アクティブラーニング(グループディスカッション、ディベート等)の実施Active learning in class (Group discussion, Debate.etc.)
あり / Yes
フィールドワーク(学外での実習等)の実施Fieldwork in class
なし / No
授業計画Schedule
授業形態/methods of teaching:対面/face to face
※各回の授業形態は予定です。教員の指示に従ってください。
1[オンライン/online]:Introduction of generative models
Introduction of generative adversarial networks (GANs) and related techniques
2[対面/face to face]:Fundamental of generative models (1)
[with exercise] Bayesian probabilistic theory, ML, MAP estimation,
conjugate prior,
3[対面/face to face]:Fundamental of generative models (2)
[with exercise] Convex set and convex function, Jensen’s inequality
4[対面/face to face]:Fundamental of generative models (3)
[with exercise] Expectation maximization (EM) algorithm, Kullback-Leibler (KL) divergence, [with exercise]
5[対面/face to face]:Fundamental of generative models (4)
[with exercise] EM algorithm – Bayes estimation
6[対面/face to face]:Dimensional reduction and generative model
Manifold hypothesis, Variational autoencoders (VAE)
7[対面/face to face]:Generative adversarial networks (GAN) (1)
Introduction of GAN
8[対面/face to face]:Generative adversarial networks (GAN) (2)
Deep convolutional GAN, Wasserstein GAN, evaluation criteria (inception score, Fréchet inception distance (FID)), introduction of various applications
9[対面/face to face]:Semi-supervised training (1)
Introduction, classical method (self training, co-training, graph-based training), siamese-, triplet- networks. noisy students
10[対面/face to face]:Semi-supervised training (2)
Adversarial example, adversarial training and virtual adversarial training (VAT)
11[対面/face to face]:Transformers
Attention mechanism and self-attention mechanism – Important base model for various applications
12[対面/face to face]:BERT
Introduction of BERT – Why is it so hailed?
13[対面/face to face]:Vision Transformers
Introduction of vision transformers - It could be a model to replace CNN.
14[対面/face to face]:summary
sumamry
授業時間外の学習(準備学習・復習・宿題等)Work to be done outside of class (preparation, etc.)
【本授業の準備・復習時間は、各4時間を標準とします。】Students must have basic background of machine learning.
テキスト(教科書)Textbooks
No specific textbook assigned. Materials (paper, reference, book chapter, slides) will be provided from time to time.

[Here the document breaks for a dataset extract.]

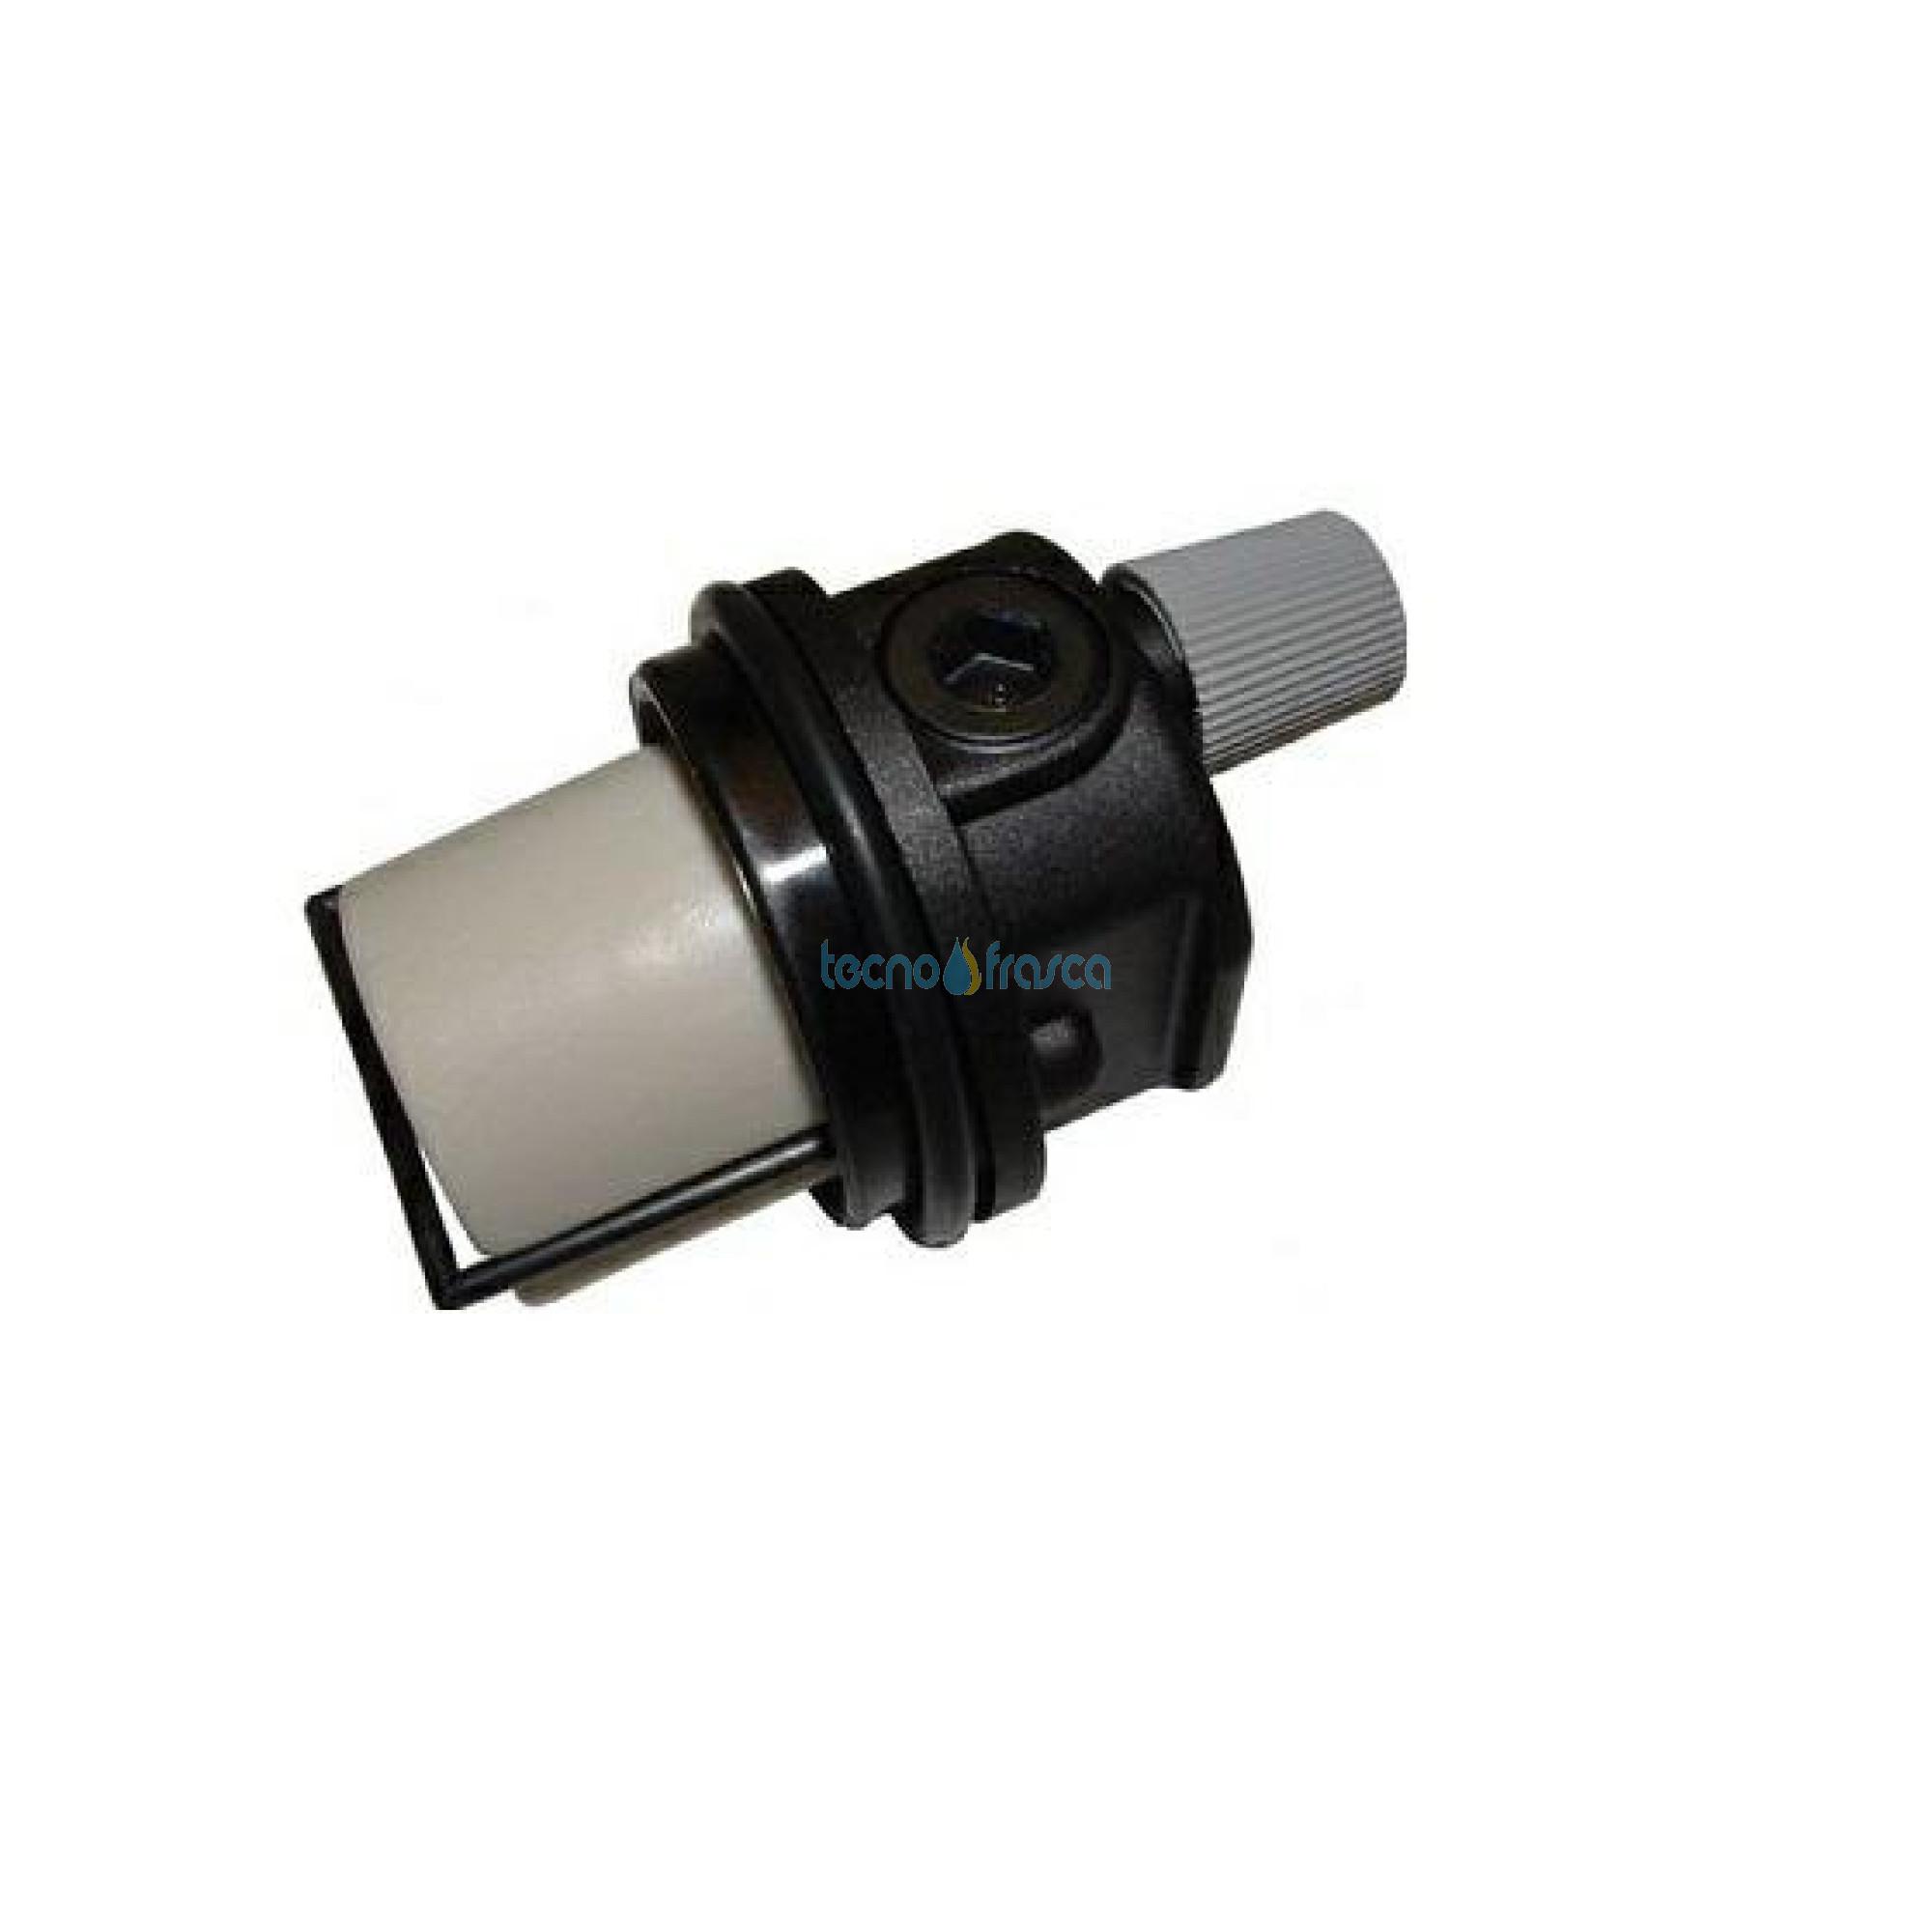 Immergas valvola sfogo aria per compact block 1.022102

Students will find good references by their own.
参考書References
"Pattern recognition and machine learning" C.Bishop, Springer 2006.

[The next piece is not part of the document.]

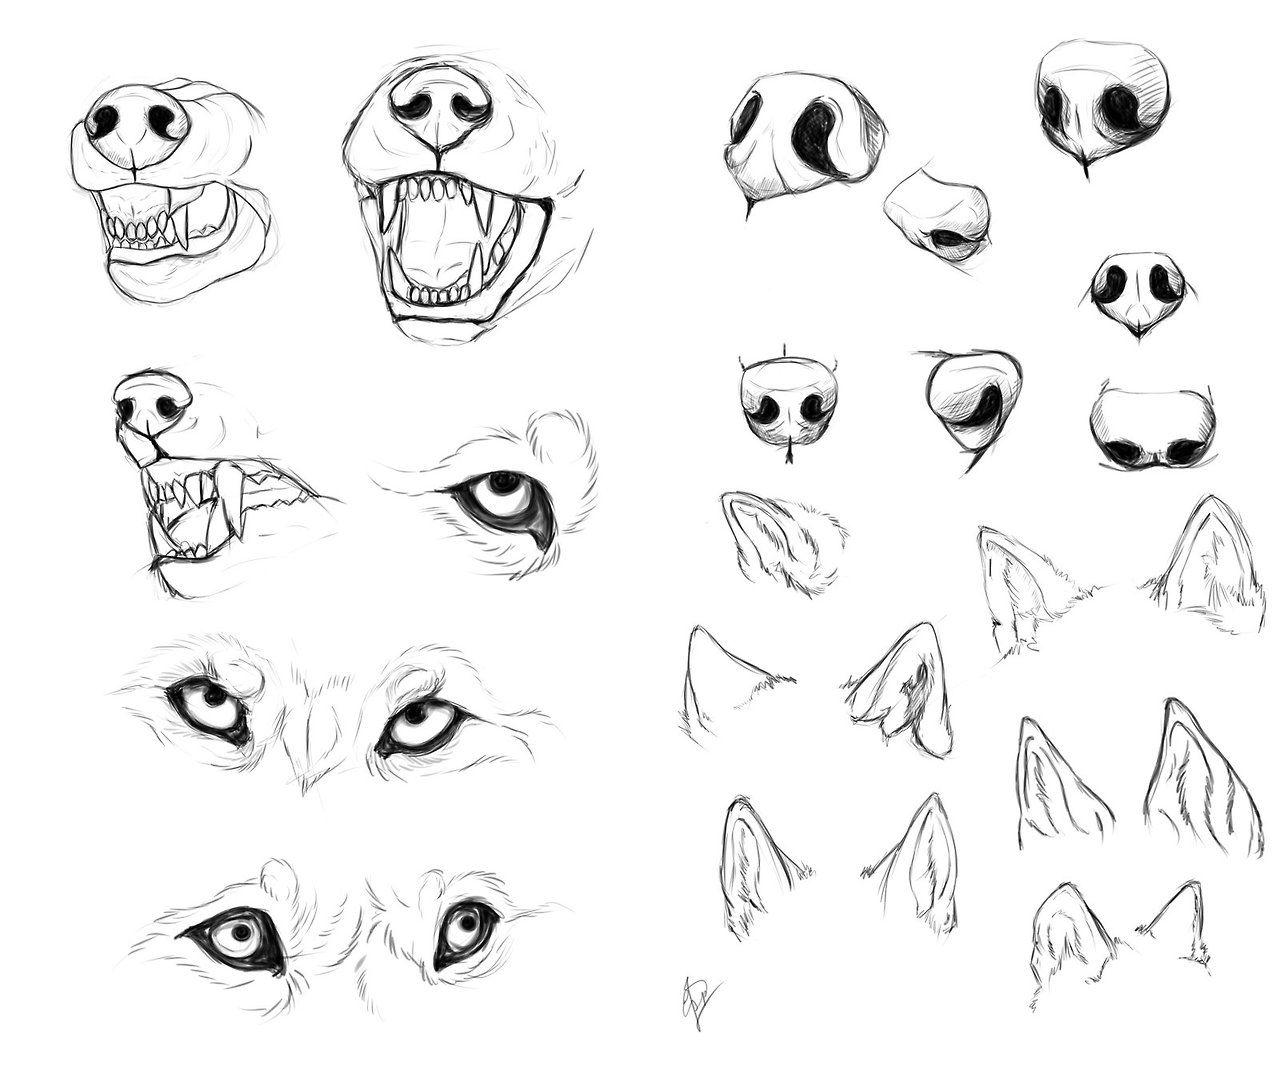 Hocicos Lobos En 2019 Pinterest Anatomia Dibujo Lobo Dibujo Y

Keras documentation (deep learning framework)
https://keras.io/
成績評価の方法と基準Grading criteria
60% in exercises in class and homework
40% in final report
(both on-line, off-line)
Use Hoppii system (Learning support system) to submit assignments and feedback.
Explanations of the assignments (except for the final assignment) will be given in the next and subsequent classes.

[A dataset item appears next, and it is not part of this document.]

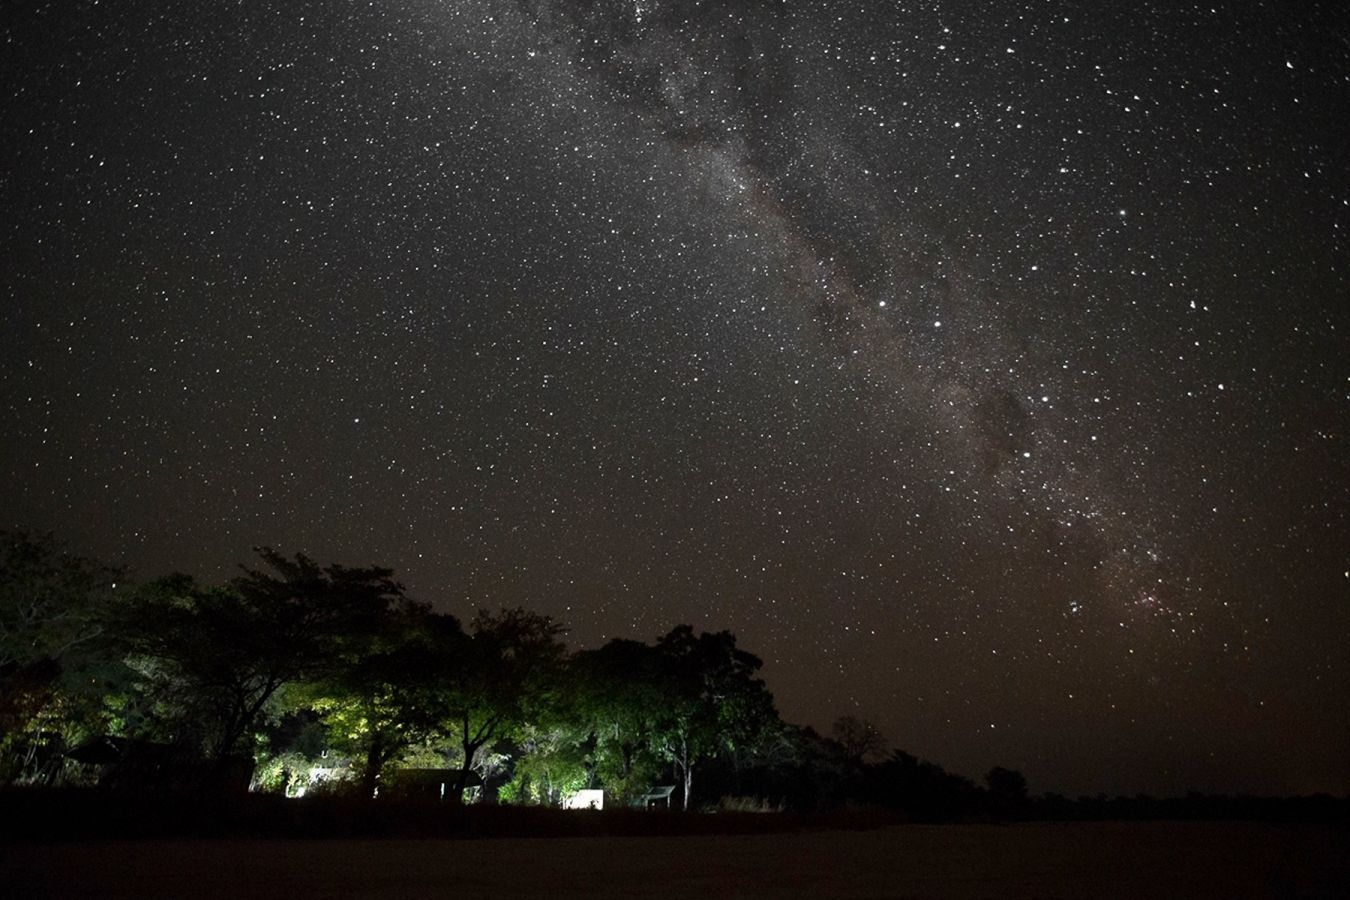 Nkonzi Camp sterrenhemel met Melkweg

学生の意見等からの気づきChanges following student comments
Support with native language is sometimes necessary.
学生が準備すべき機器他Equipment student needs to prepare
Own computer (use google colaboratory)
その他の重要事項Others
Use google colaboratory.
Minimum programming skills in Python is required.
If the course is offered online, changes in online class methods, plans, and grading methods will be presented on a case-by-case basis in the Learning support system (Hoppii). Please check carefully on a daily basis to see if your instructor contacts you via the learning support system.